As I sat on the bank, getting my shoes on I marveled at how she too entered the water with joy and purpose. Playfully, grabbing the red ball from her husband and tossing it up the bank. I could see the beauty in her 70+-year-old body and the loving light still in her eyes for both her man and their dog. And in that moment of reflection, when the thought occurred to me, “This is what I wanted,” I got a new message.

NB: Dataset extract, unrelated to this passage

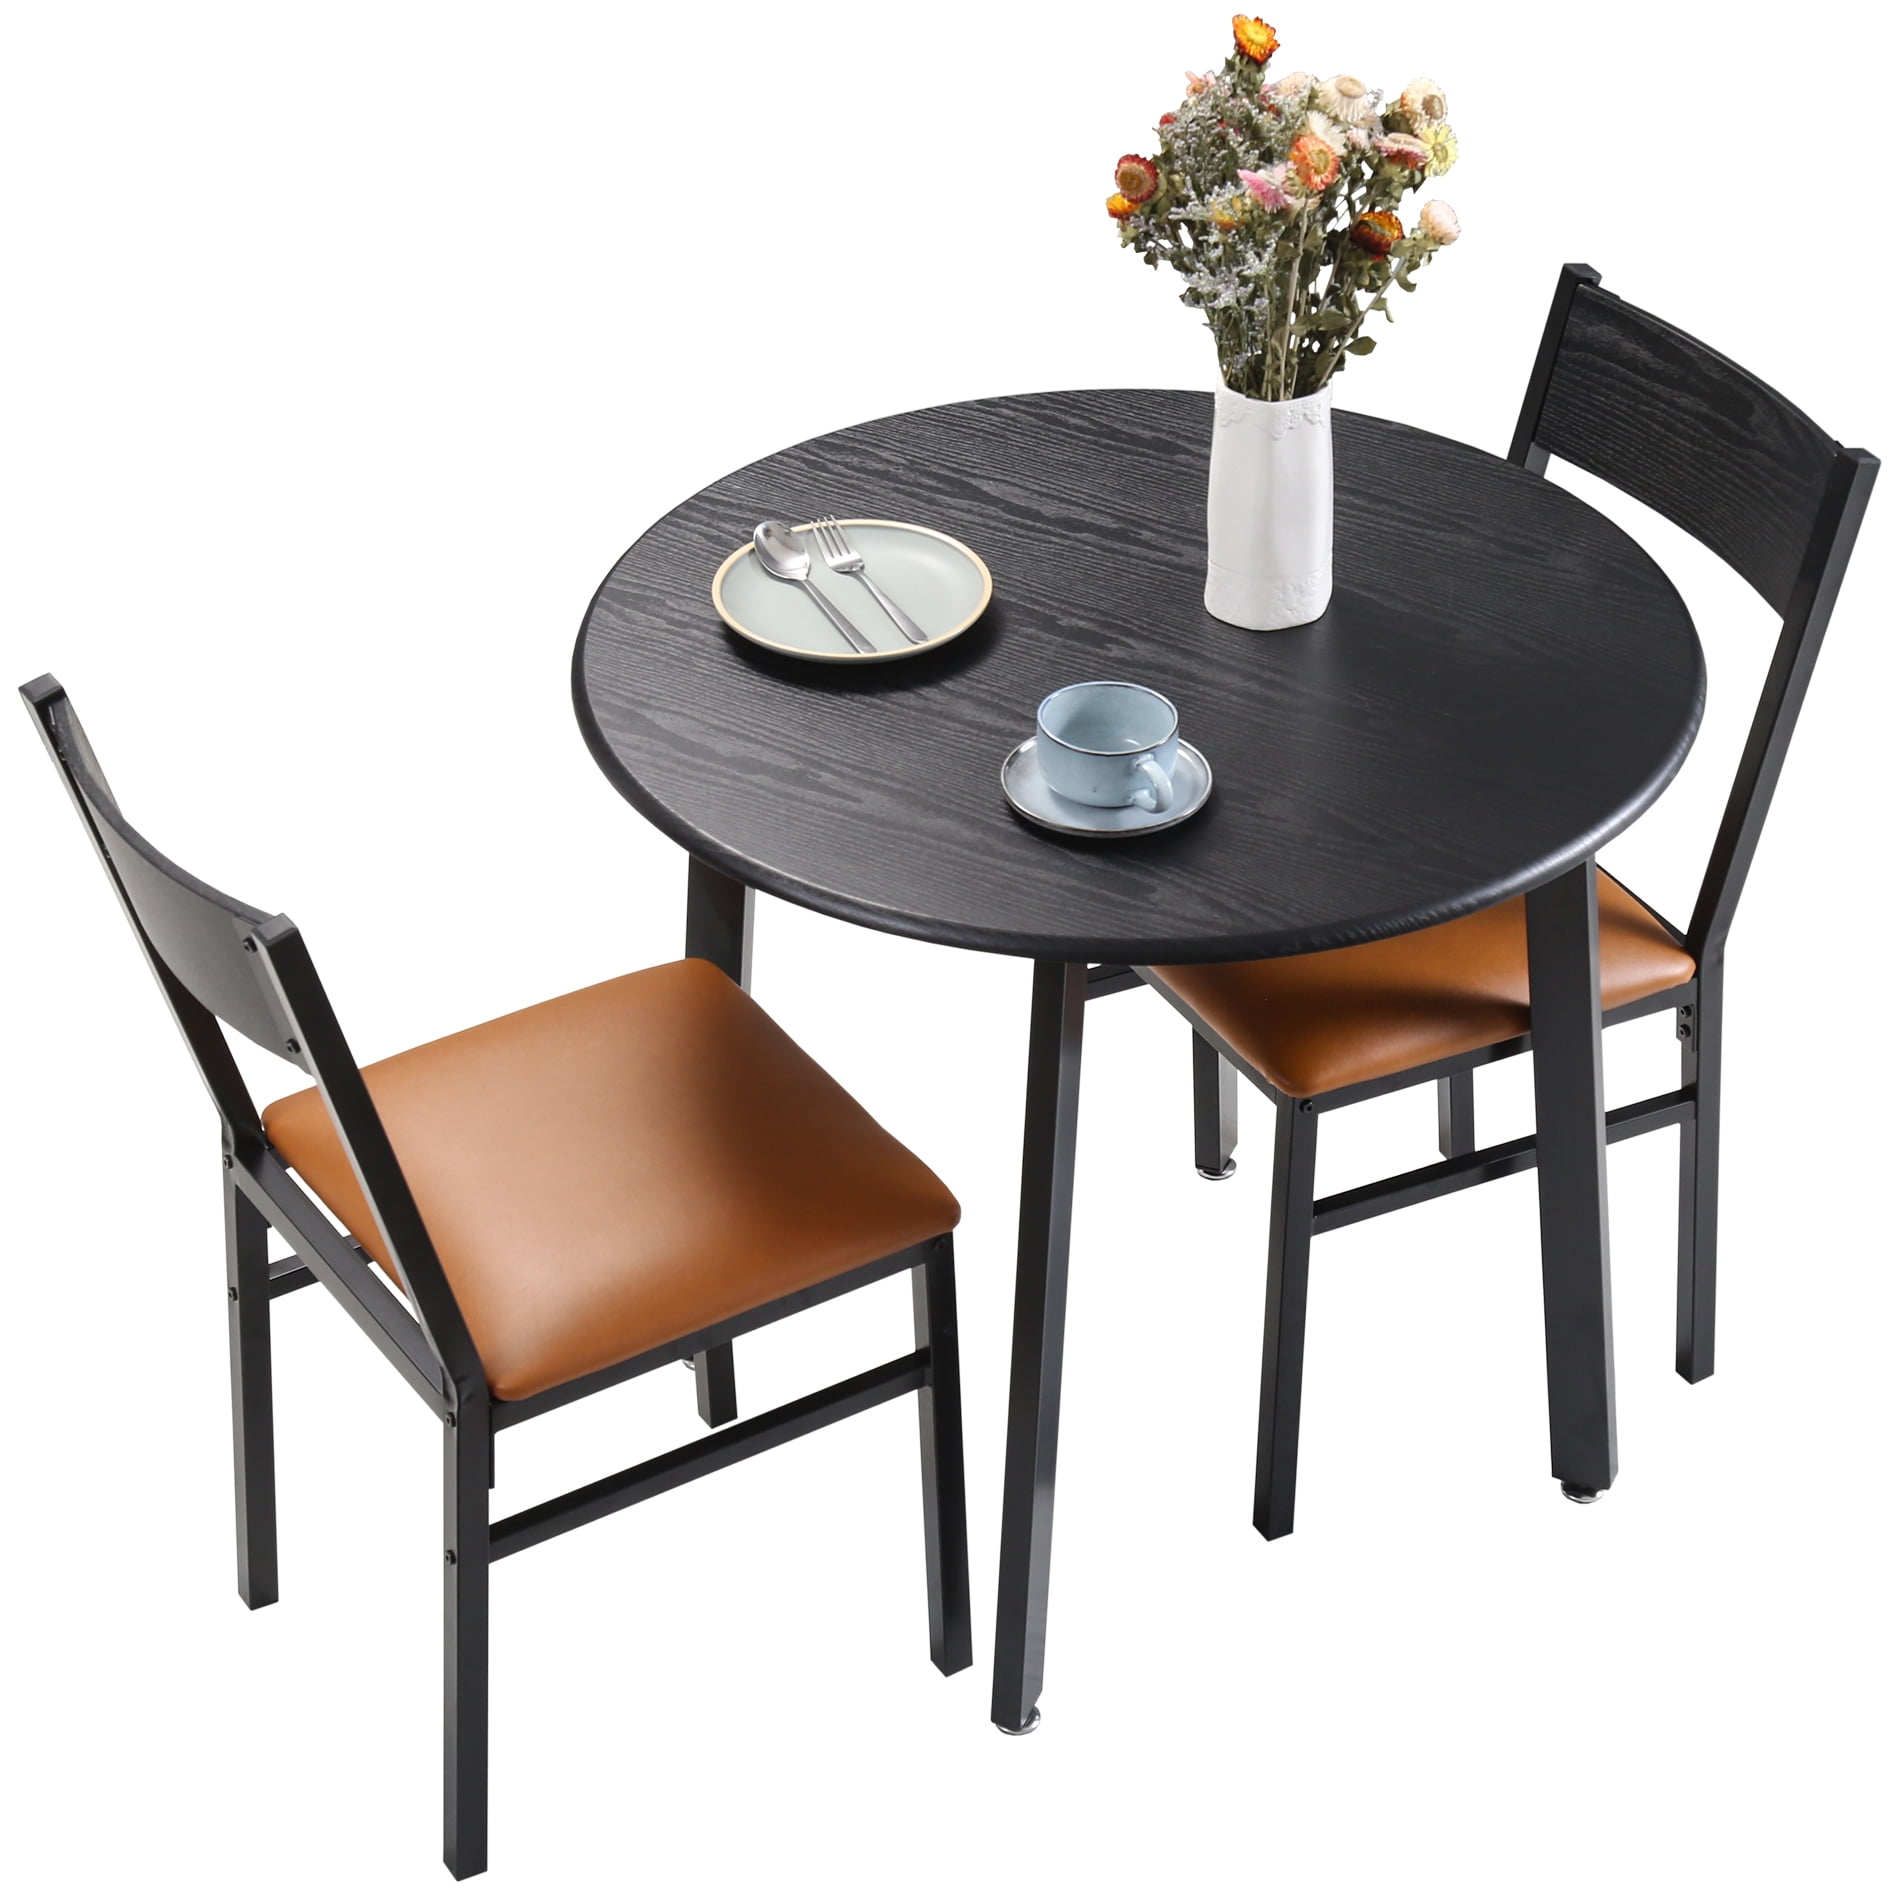 3 Piece Round Dining Table Set With, Kitchen Table And Chairs For Small Spaces

I’ve got more time between my age and their age then both of my marriages combined. There’s no hurry. I have so many adventures ahead. I have time to fall in love over and over again. While I’d really dream of having the next ONE, I can see that this projection of my future is flawed. It would be great. It would be my fantasy to be retired by a lake with a dog and a loving wife deep into my 70’s, 80’s, and beyond. And if it’s the same woman, even better.

But.

What if this couple just met? What if they have been dating only a few weeks, and this was a date rather than a routine and loving evening swim? Does this make any difference in my observation of their joy and closeness? At that moment it does not. And in my next and next and next relationship, perhaps that is the same joy I will get to feel again. While I would prefer not to suffer the downside of breakups and hurt feelings, those things might happen.

To love and really LOVE we’ve got to find that light within ourselves that is not dependant nor extinguished by another person. I am fueled by the idea of joining my flame with another creatively hot woman, but I am content to renew my focus, again and again, and find ways to continually rekindle my passion.

She is here. I like to say, or imagine. But at the moment she is somewhere else. But I am here. And the couple at the lake, regardless of their relationship status, showed me the joy I have to look forward to. The simple pleasure of a shared swim, a moment together playing with a dog, a lightly applied kiss.

I know, I am burning brighter than I was a year ago. And it’s my task to keep stoking and strengthening myself, regardless of MY relationship status. I am here. And I am actively waiting.